EXERCISE DESCRIPTION »
Go to the line containing "Un ragazzino salta" in the records below and print it and every following line exactly, on through the line containing "卡通皮划艇 皮划艇 水上运动", then stop.

*** DATA SUPPLIED ***

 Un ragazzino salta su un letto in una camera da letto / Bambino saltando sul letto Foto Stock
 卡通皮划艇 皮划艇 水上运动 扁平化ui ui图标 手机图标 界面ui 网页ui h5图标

*** End of DATA SUPPLIED ***
*** DATA SUPPLIED ***

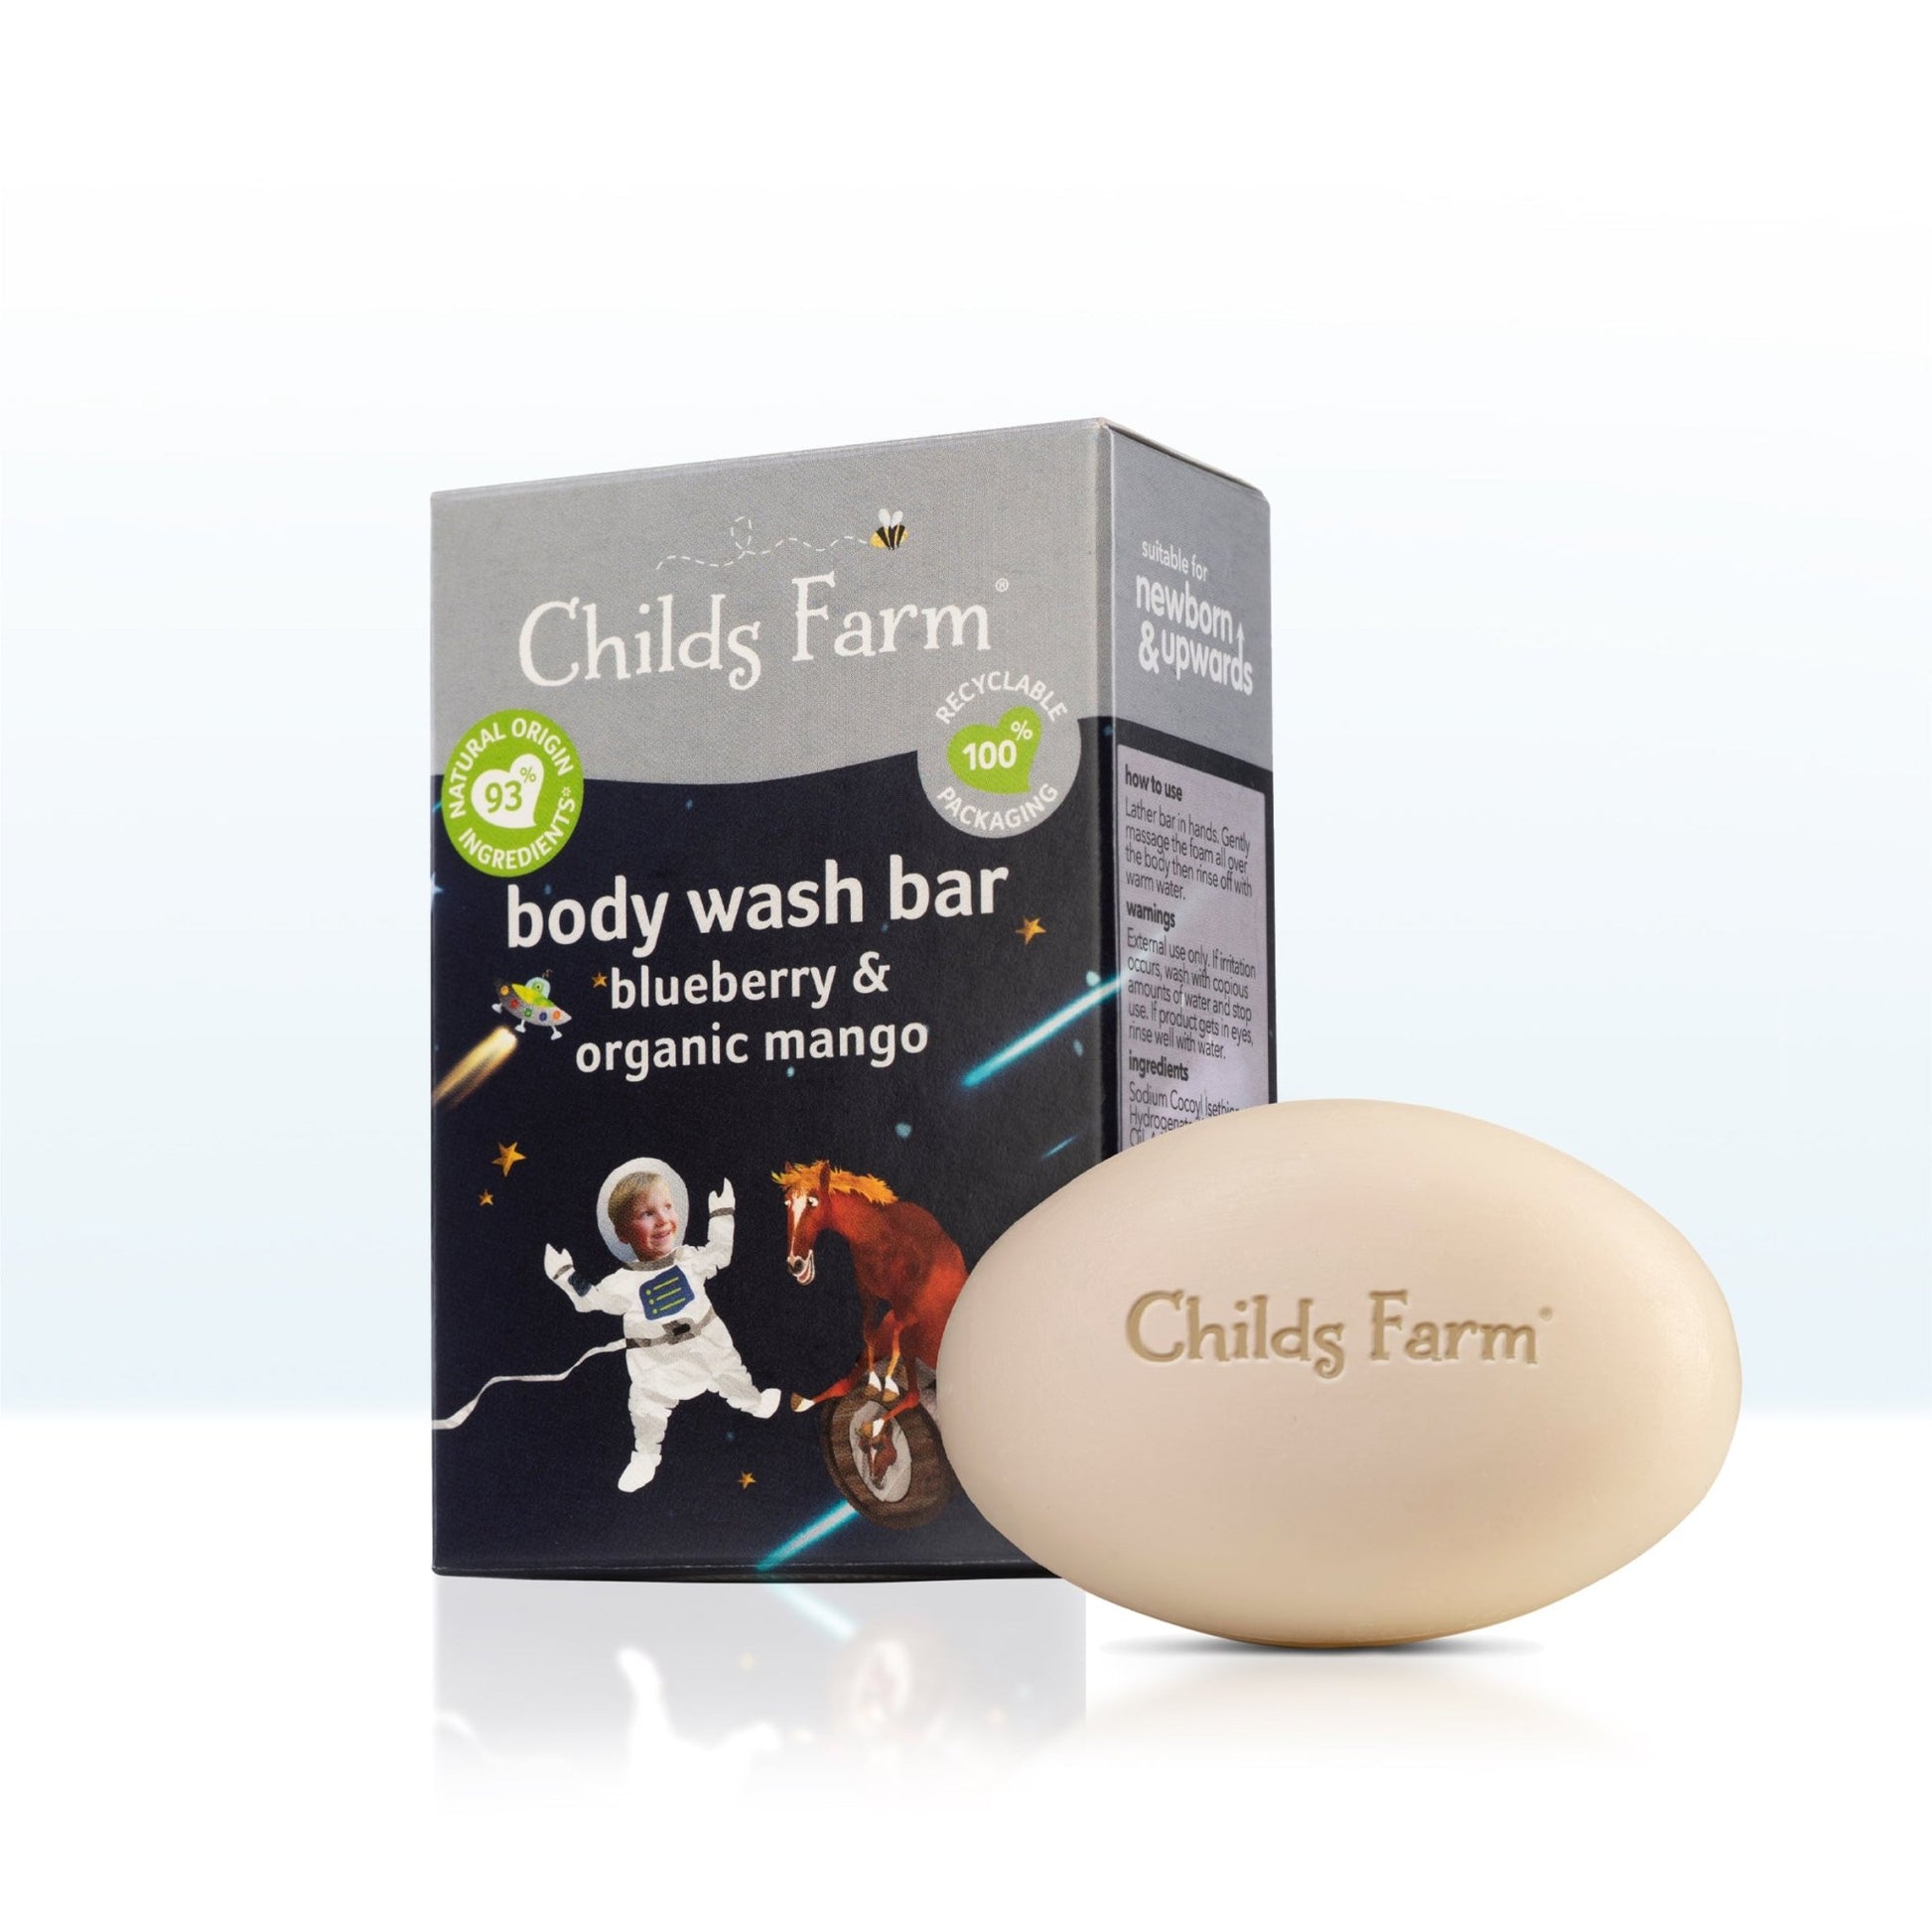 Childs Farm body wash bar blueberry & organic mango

*** End of DATA SUPPLIED ***
*** DATA SUPPLIED ***

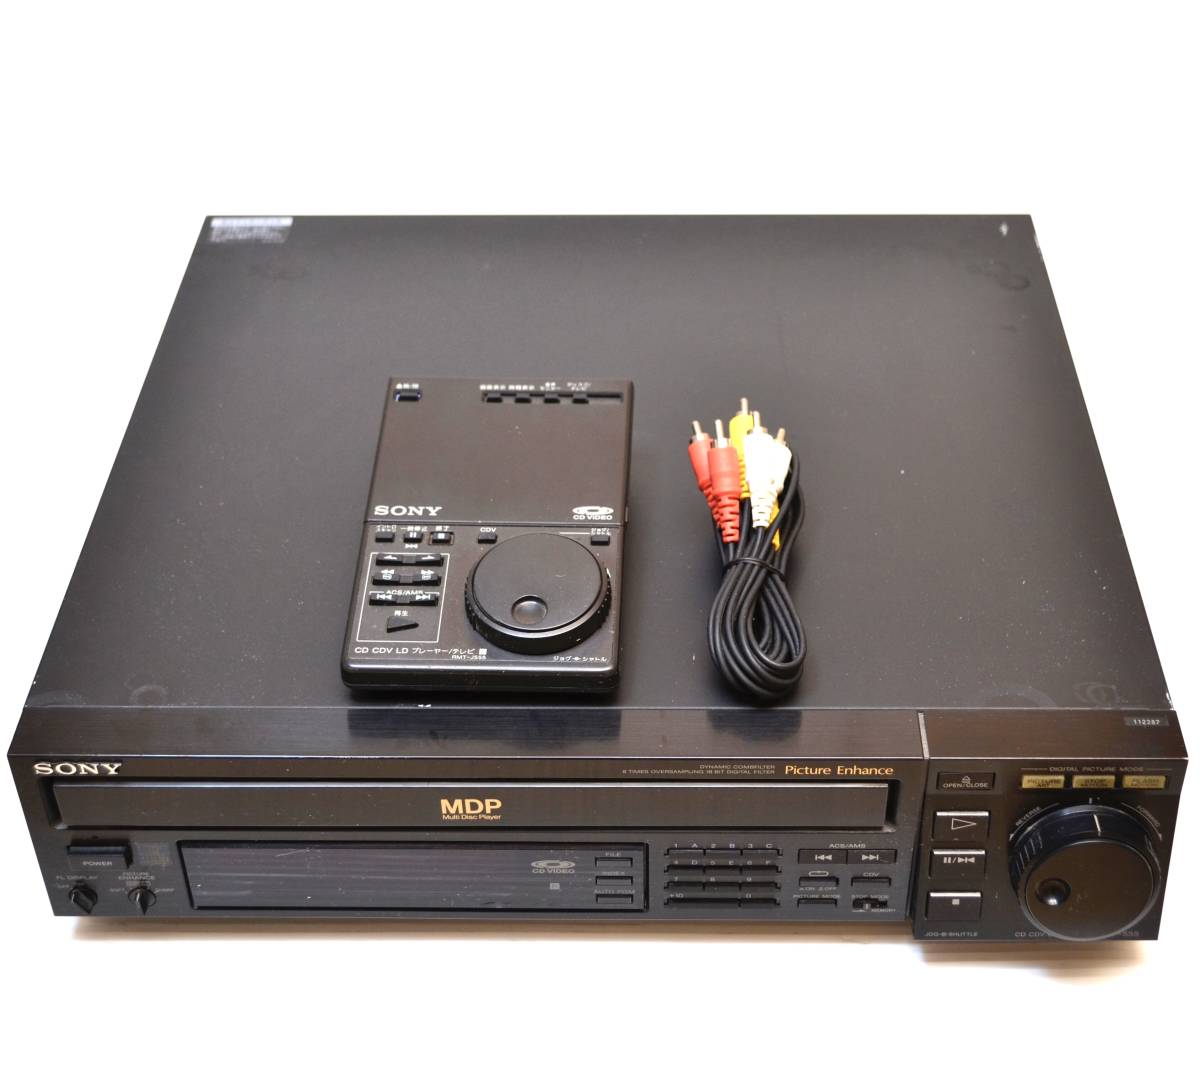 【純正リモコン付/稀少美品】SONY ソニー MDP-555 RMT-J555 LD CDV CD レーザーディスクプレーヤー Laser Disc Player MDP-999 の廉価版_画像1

*** End of DATA SUPPLIED ***

TASK SOLUTION »
 Un ragazzino salta su un letto in una camera da letto / Bambino saltando sul letto Foto Stock
 卡通皮划艇 皮划艇 水上运动 扁平化ui ui图标 手机图标 界面ui 网页ui h5图标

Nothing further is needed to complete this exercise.